Data extracted from a collection:
—————

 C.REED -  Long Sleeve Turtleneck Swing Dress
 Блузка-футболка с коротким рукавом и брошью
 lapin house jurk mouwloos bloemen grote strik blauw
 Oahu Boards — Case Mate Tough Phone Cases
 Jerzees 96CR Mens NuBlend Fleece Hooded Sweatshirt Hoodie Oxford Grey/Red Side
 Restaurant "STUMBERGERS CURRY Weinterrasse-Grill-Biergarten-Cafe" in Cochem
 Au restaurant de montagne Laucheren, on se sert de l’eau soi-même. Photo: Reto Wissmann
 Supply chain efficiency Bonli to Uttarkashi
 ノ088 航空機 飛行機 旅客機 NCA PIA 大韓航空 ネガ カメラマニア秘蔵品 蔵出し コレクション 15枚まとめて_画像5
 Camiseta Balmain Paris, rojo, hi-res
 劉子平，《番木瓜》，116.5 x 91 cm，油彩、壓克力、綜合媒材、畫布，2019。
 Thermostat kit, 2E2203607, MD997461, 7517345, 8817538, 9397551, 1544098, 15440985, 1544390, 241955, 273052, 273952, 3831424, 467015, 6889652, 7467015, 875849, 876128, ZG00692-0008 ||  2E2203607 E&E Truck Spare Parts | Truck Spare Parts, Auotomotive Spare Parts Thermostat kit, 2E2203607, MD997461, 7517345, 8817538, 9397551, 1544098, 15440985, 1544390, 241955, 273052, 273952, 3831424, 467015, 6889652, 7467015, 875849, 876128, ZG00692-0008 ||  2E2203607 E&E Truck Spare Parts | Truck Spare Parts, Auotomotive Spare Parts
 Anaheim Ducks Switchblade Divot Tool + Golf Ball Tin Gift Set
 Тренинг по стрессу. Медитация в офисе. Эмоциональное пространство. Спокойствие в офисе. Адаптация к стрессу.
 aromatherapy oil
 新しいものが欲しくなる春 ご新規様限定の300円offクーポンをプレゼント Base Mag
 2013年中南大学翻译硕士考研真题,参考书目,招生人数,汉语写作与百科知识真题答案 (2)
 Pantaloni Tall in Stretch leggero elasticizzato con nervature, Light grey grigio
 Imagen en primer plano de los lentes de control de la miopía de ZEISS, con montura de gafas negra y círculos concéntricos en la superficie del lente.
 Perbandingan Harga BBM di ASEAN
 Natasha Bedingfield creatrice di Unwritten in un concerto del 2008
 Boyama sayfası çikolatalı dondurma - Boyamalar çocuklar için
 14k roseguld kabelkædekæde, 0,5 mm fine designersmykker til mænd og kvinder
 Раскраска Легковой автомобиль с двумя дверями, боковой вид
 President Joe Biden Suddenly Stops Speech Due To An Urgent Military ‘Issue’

—————

● **Exercise objective**: Reproduce the records above exactly, character for character.

● **Response**:
 C.REED -  Long Sleeve Turtleneck Swing Dress
 Блузка-футболка с коротким рукавом и брошью
 lapin house jurk mouwloos bloemen grote strik blauw
 Oahu Boards — Case Mate Tough Phone Cases
 Jerzees 96CR Mens NuBlend Fleece Hooded Sweatshirt Hoodie Oxford Grey/Red Side
 Restaurant "STUMBERGERS CURRY Weinterrasse-Grill-Biergarten-Cafe" in Cochem
 Au restaurant de montagne Laucheren, on se sert de l’eau soi-même. Photo: Reto Wissmann
 Supply chain efficiency Bonli to Uttarkashi
 ノ088 航空機 飛行機 旅客機 NCA PIA 大韓航空 ネガ カメラマニア秘蔵品 蔵出し コレクション 15枚まとめて_画像5
 Camiseta Balmain Paris, rojo, hi-res
 劉子平，《番木瓜》，116.5 x 91 cm，油彩、壓克力、綜合媒材、畫布，2019。
 Thermostat kit, 2E2203607, MD997461, 7517345, 8817538, 9397551, 1544098, 15440985, 1544390, 241955, 273052, 273952, 3831424, 467015, 6889652, 7467015, 875849, 876128, ZG00692-0008 ||  2E2203607 E&E Truck Spare Parts | Truck Spare Parts, Auotomotive Spare Parts Thermostat kit, 2E2203607, MD997461, 7517345, 8817538, 9397551, 1544098, 15440985, 1544390, 241955, 273052, 273952, 3831424, 467015, 6889652, 7467015, 875849, 876128, ZG00692-0008 ||  2E2203607 E&E Truck Spare Parts | Truck Spare Parts, Auotomotive Spare Parts
 Anaheim Ducks Switchblade Divot Tool + Golf Ball Tin Gift Set
 Тренинг по стрессу. Медитация в офисе. Эмоциональное пространство. Спокойствие в офисе. Адаптация к стрессу.
 aromatherapy oil
 新しいものが欲しくなる春 ご新規様限定の300円offクーポンをプレゼント Base Mag
 2013年中南大学翻译硕士考研真题,参考书目,招生人数,汉语写作与百科知识真题答案 (2)
 Pantaloni Tall in Stretch leggero elasticizzato con nervature, Light grey grigio
 Imagen en primer plano de los lentes de control de la miopía de ZEISS, con montura de gafas negra y círculos concéntricos en la superficie del lente.
 Perbandingan Harga BBM di ASEAN
 Natasha Bedingfield creatrice di Unwritten in un concerto del 2008
 Boyama sayfası çikolatalı dondurma - Boyamalar çocuklar için
 14k roseguld kabelkædekæde, 0,5 mm fine designersmykker til mænd og kvinder
 Раскраска Легковой автомобиль с двумя дверями, боковой вид
 President Joe Biden Suddenly Stops Speech Due To An Urgent Military ‘Issue’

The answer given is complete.